As literary critic Wayne C. Booth once observed, “postmodernist theories of the social self have not explicitly acknowledged the religious implications of what they are about. But if you read them closely, you will see that more and more of them are talking about the human mystery in terms that resemble those of the subtlest traditional theologies.”

Benedict’s theological legacy foreshadowed the recent “horseshoe” phenomenon that occurs when divergent forms of religious traditionalism and contemporary counterculture (almost) intersect. The conversion of “Red Scare” podcast host Dasha Nekrasova comes to mind. According to recent pieces in the New York Times and Vox, Catholicism’s artistic, spiritual, and liturgical tradition is drawing in bohemian, artsy types who typically are considered alien to the Church. As mainstream culture continues to head in a stiflingly bourgeois direction—between its unimaginative aesthetics, puritanical political correctness, and repetitive political deadlocks—so-called hipsters are finding that they have more in common with the Roman Catholic Church than they do with conventional progressivism.

Perhaps the most overlooked and misunderstood of Benedict’s “horseshoes” is between his comments on sexual morality and his surprising resonance with queer culture. During his lifetime, Benedict received vehement backlash for his decisive stance on the moral implications of same sex sexual relations and his blocking of men with “deep-seated homosexual inclinations” from the priesthood. In his infamous 1986 “Halloween Letter,” Ratzinger insisted that sodomy is an “intrinsically disordered” act. “To choose someone of the same sex for one’s sexual activity,” he wrote, “is to annul the rich symbolism and meaning, not to mention the goals, of the Creator’s sexual design. Unable “to transmit life,” sodomy is “essentially self-indulgent.”

Figures such as Wilde would likely (and ironically) have felt more at home, not with Francis, but with the theology and cultural sensibility of Benedict, whose affect—like Wilde’s—has an undeniably “campy” flavor. Camp, according to Susan Sontag, “is not a natural mode of sensibility, if there be any such. Indeed the essence of Camp is its love of the unnatural: of artifice and exaggeration.” That is why gay men like Wilde—caught perpetually between the “extremes” of supernatural chastity and unnatural debauchery—have been known to be drawn to camp.

In an essay on camp, literature scholar Fabio Cleto comments on how Benedict was “totally démodé, so alien to popular experience and the limelight as to retire from the throne in impenetrable, Garbo-like indifference, thereafter graciously considering his successor’s efforts from a distance.
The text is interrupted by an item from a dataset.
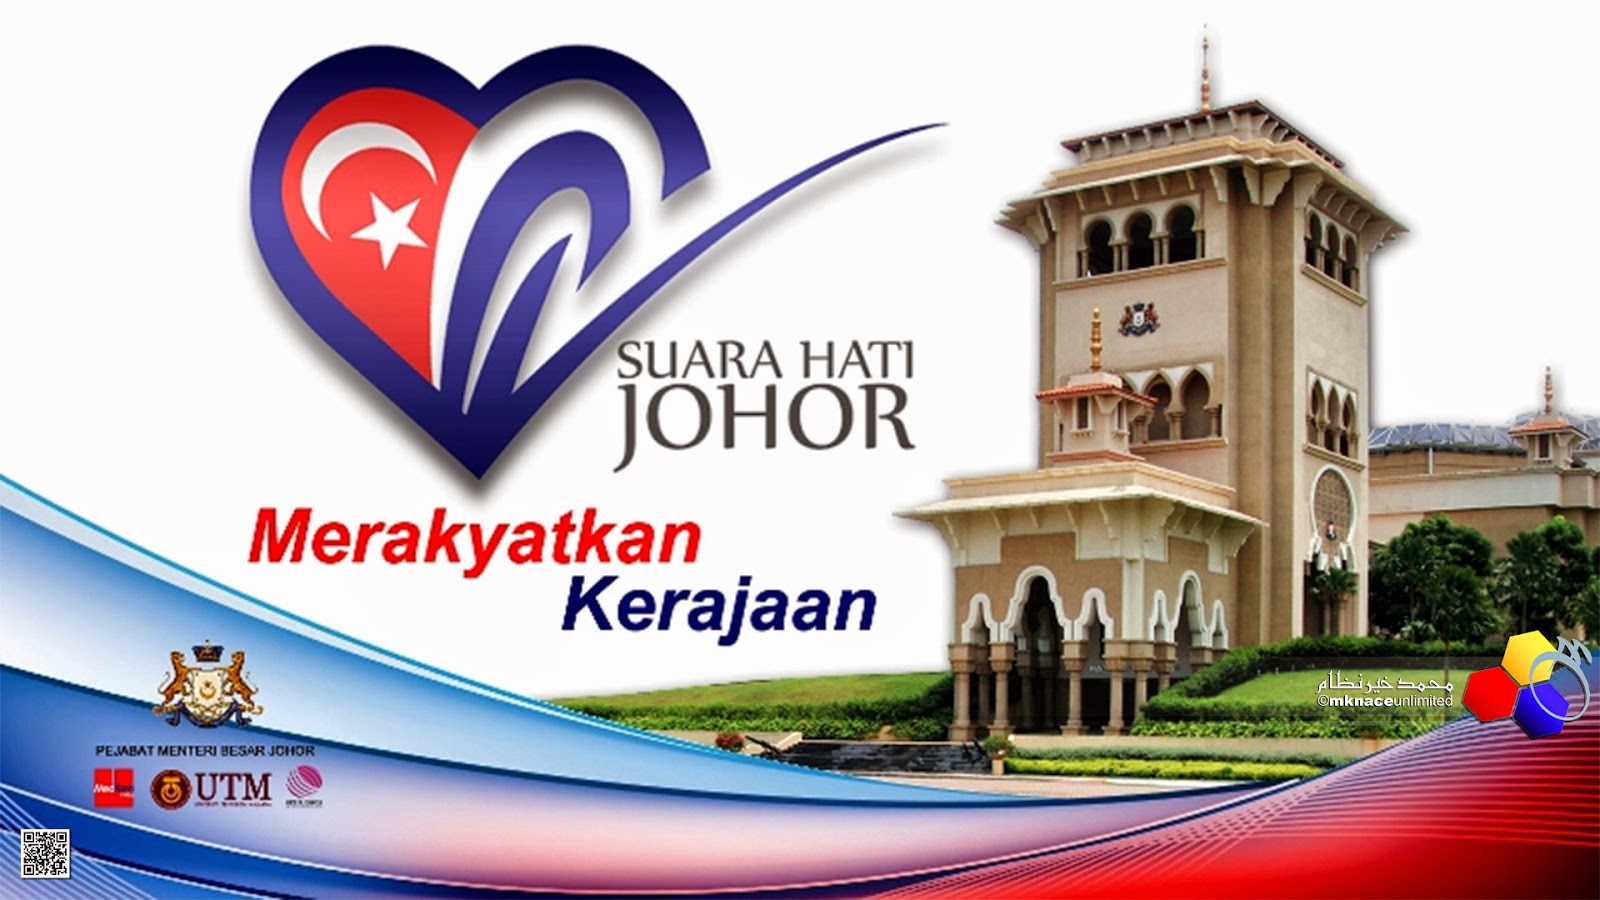 Pengumuman Jawatan Kosong Kerajaan Johor April 2016

So viciously elegant, so unrelentingly medieval.” Benedict’s papacy, he says, made for an “ultra-camp story.” What with his flare for the baroque, his appreciation for aesthetic beauty and the arts, his taste for extravagant liturgical vestments and pageantry, his reputation for reading people’s logical fallacies and being outspoken without much concern for social conventions, his keen awareness of the tension between the finite and infinite, the sacred and profane, the natural and artificial, one might dare to call Benedict the real “gay-friendly” pope.

With a knack for stirring the pot, Benedict had little concern for sentimentality, refusing to pander to or appease the public’s sense of complacency. Take his letter on the resurgence of the Church sexual abuse scandal in 2018, which, while demonstrating humble respect and obedience to his successor, obliquely criticized those who deemed simplistic bureaucratic solutions would be enough to clean up the Church’s messes. Similarly, his “politically incorrect” comments about the reality (as much as it may have been expressed in an imprudent manner) of Islam’s history of violence was stated so glibly, as if to follow his caustic speech with the phrase “just saying…”

Benedict was the Christian equivalent of the Nietzschean Ubermensch. The antithesis to the bourgeois “last man,” he lived with gusto and a fervor for the finer things in life. He reveled in art, literature and music, and was a connoisseur of beer as well as indulging in the occasional Marlboro Red—unlike his party pooper-successor, who in 2017 banned the sale of tobacco in the Vatican as “the Holy See cannot contribute to an activity that clearly damages the health of people.”